O analista Bernd Bornhorst, da Associação de ONG para Políticas de Desenvolvimento (VENRO), disse à agência de notícias Deustche Welle que “ao lermos os programas partidários, vemos que, em geral, há longos parágrafos sobre África.”

A União Democrata Cristã (CDU), partido que governa e grande favorito à vitória nas eleições legislativas de domingo, promete dar continuidade à iniciativa “Compact with Africa”, criada no âmbito do G20 para reforçar o investimento privado no continente.
A CDU diz que apostar no investimento privado é a receita para melhores condições de vida em África. Sobre a política para os refugiados, a CDU pretende estabelecer parcerias de migração com os Estados africanos, a exemplo do Acordo entre a União Europeia e a Turquia.

O Partido Social-Democrata da Alemanha (SPD), outro dos concorrente às eleições legislativas de domingo, propõe-se trabalhar com empresários, igrejas, sindicatos e organizações privadas voltadas para o desenvolvimento e prevê o reforço da cooperação com pequenos agricultores, para que as áreas rurais possam prosperar, e maior fiscalização no Acordo de Parceria Económica entre Bruxelas e os países africanos.

O partido Os Verdes promete renegociar o Acordo de Parceria Económica com países africanos e propõem uma política comercial agrícola e europeia mais justa. Também o FDP e a Alternativa para Alemanha (AfD), partidos que, de acordo com sondagens recentes, têm hipóteses de entrar no Parlamento, abordam questões africanas nos seus programas eleitorais.
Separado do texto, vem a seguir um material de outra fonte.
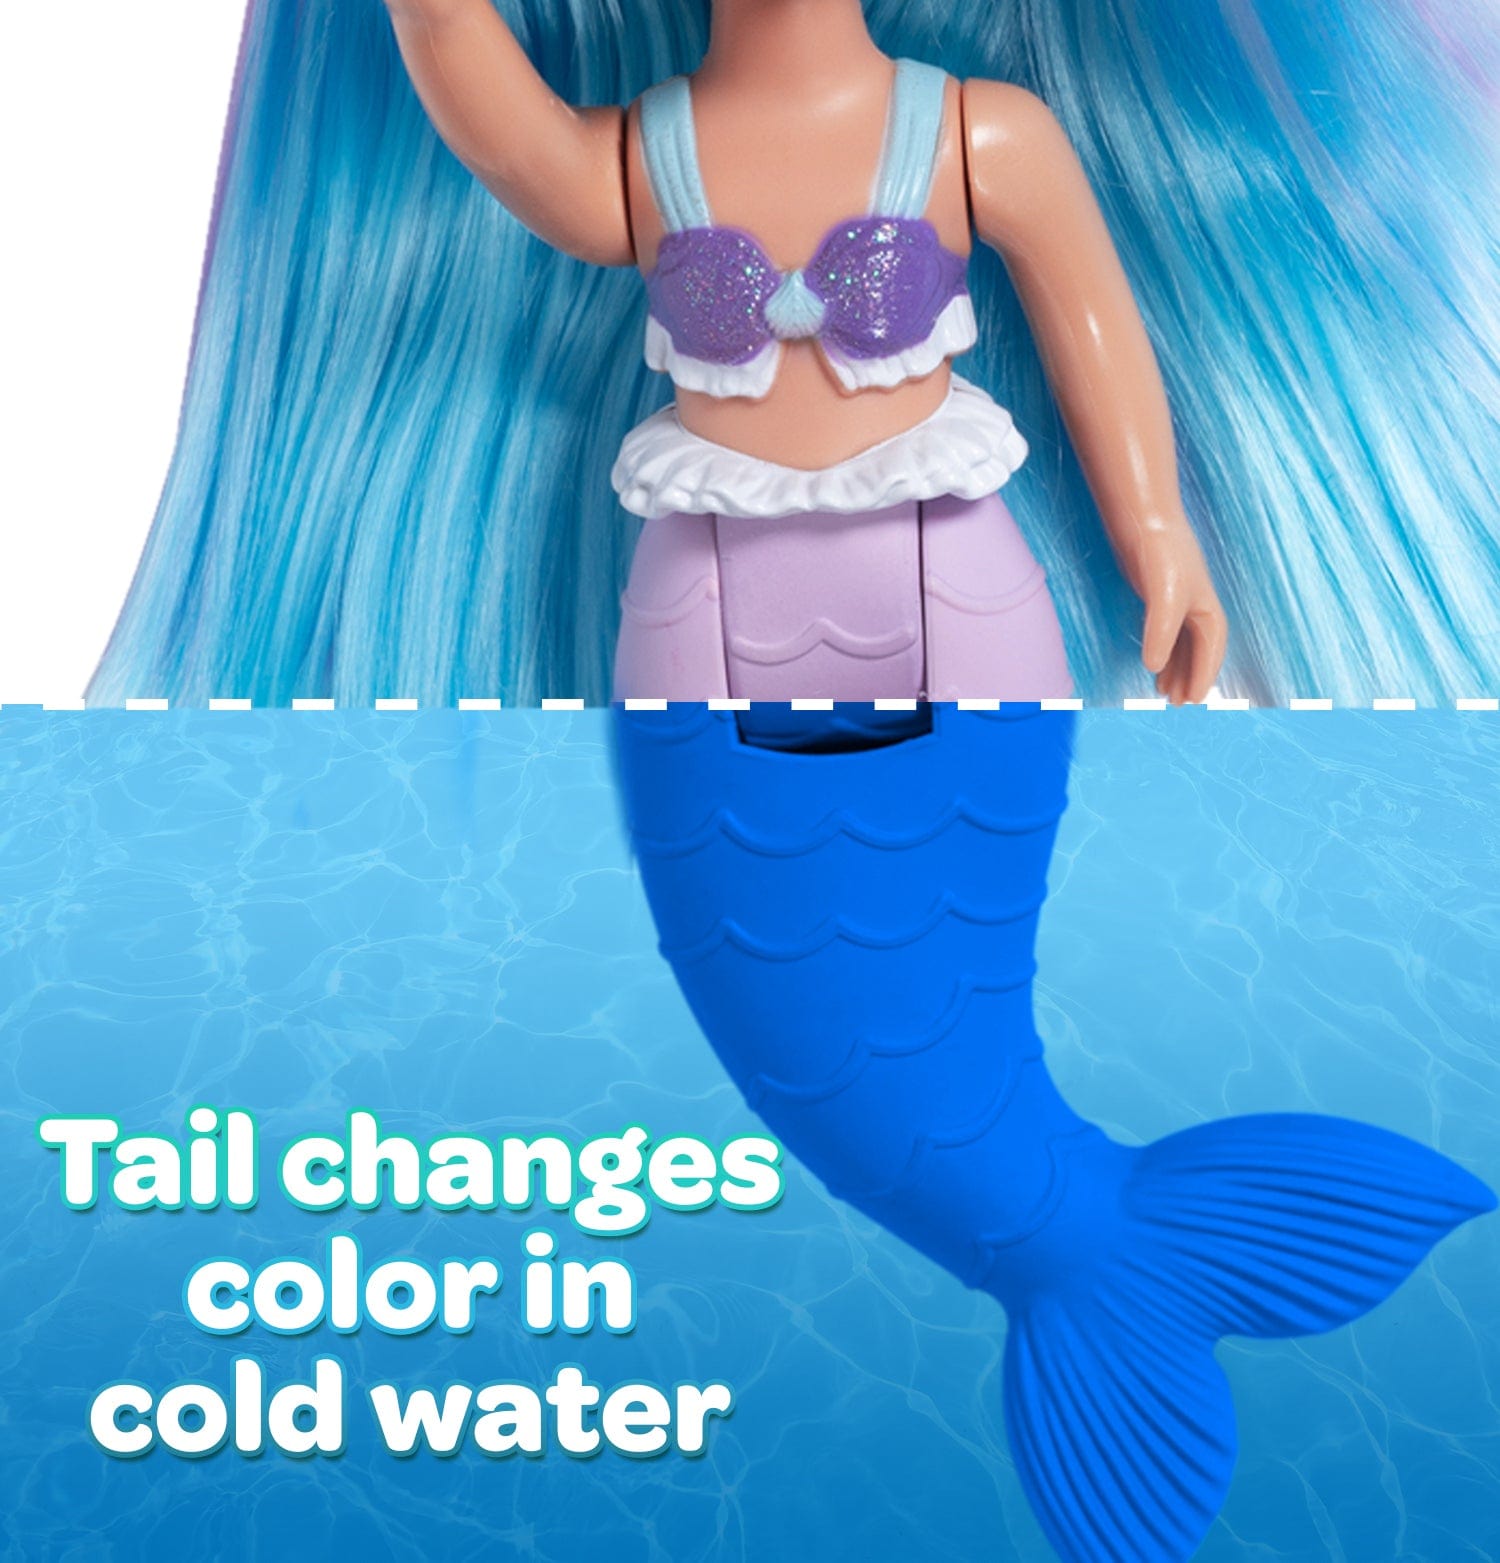 Water Wonder Marina mermaid doll has brightly colored blue hair with purple highlights, a glittery purple bikini top, and white ruffle accents. Her beautiful mermaid doll tail changes from lilac purple to blue when she’s swimming in cold water. Ages 1+.

O “namoro”  destes países à África, os três pertencentes às sete maiores economias do mundo, acontece numa altura em que a França intensifica a cooperação com países africanos, entre os quais Angola, para a levar a um outro patamar, com base no respeito mútuo e ao que cientistas políticos chamam de “jogo de soma não zero” ou “win-win”, um relacionamento em que todas as partes saem a ganhar.

Ocidente subestimou a influência da China

Os países ocidentais tentam recuperar terreno à China, cuja política externa para África privilegia a parceria económica e que, segundo um relatório da consultora norte-americana Mckinsey & Company, divulgado em Junho deste ano, a sua presença em África foi subestimada.

No estudo da consultora, concluído depois de esta ouvir 100 empresários, líderes de Governos africanos e mil gerentes e proprietários de empresas chinesas em oito países africanos, lê-se que 10 mil empresas chinesas operam em África, quatro vezes mais do que em estimativas anteriores e em mais sectores do que se pensava. Segundo o relatório, na última década, o comércio entre a China e África cresceu em média vinte por cento ao ano e o Investimento Directo Estrangeiro cresceu cerca de quarenta por cento ao ano.
Quase um quarto dos representantes das mil empresas entrevistados pela consultora disse ter tido um retorno do investimento inicial ao longo do primeiro ano e um terço registou lucros de vinte por cento.

O estudo aponta grandes benefícios económicos da actividade chinesa em África, como a criação empregos e o desenvolvimento de competências dos funcionários locais, a transferência de conhecimento e novas tecnologias, e o financiamento e desenvolvimento de infra-estruturas.

A corrupção e a insegurança são as grandes preocupações das empresas chinesas.
Omid Kassiri, director associado da McKinsey & Company, acredita que o fluxo de negócios entre a China e África deve crescer ainda mais nos próximos anos. “Há espaço significativo para um aumento. Actualmente, há cerca de 180 mil milhões de dólares de receitas [das empresas chinesas] nos negócios feitos no continente africano. Acreditamos que este valor pode crescer para 440 mil milhões em 2025”, afirmou.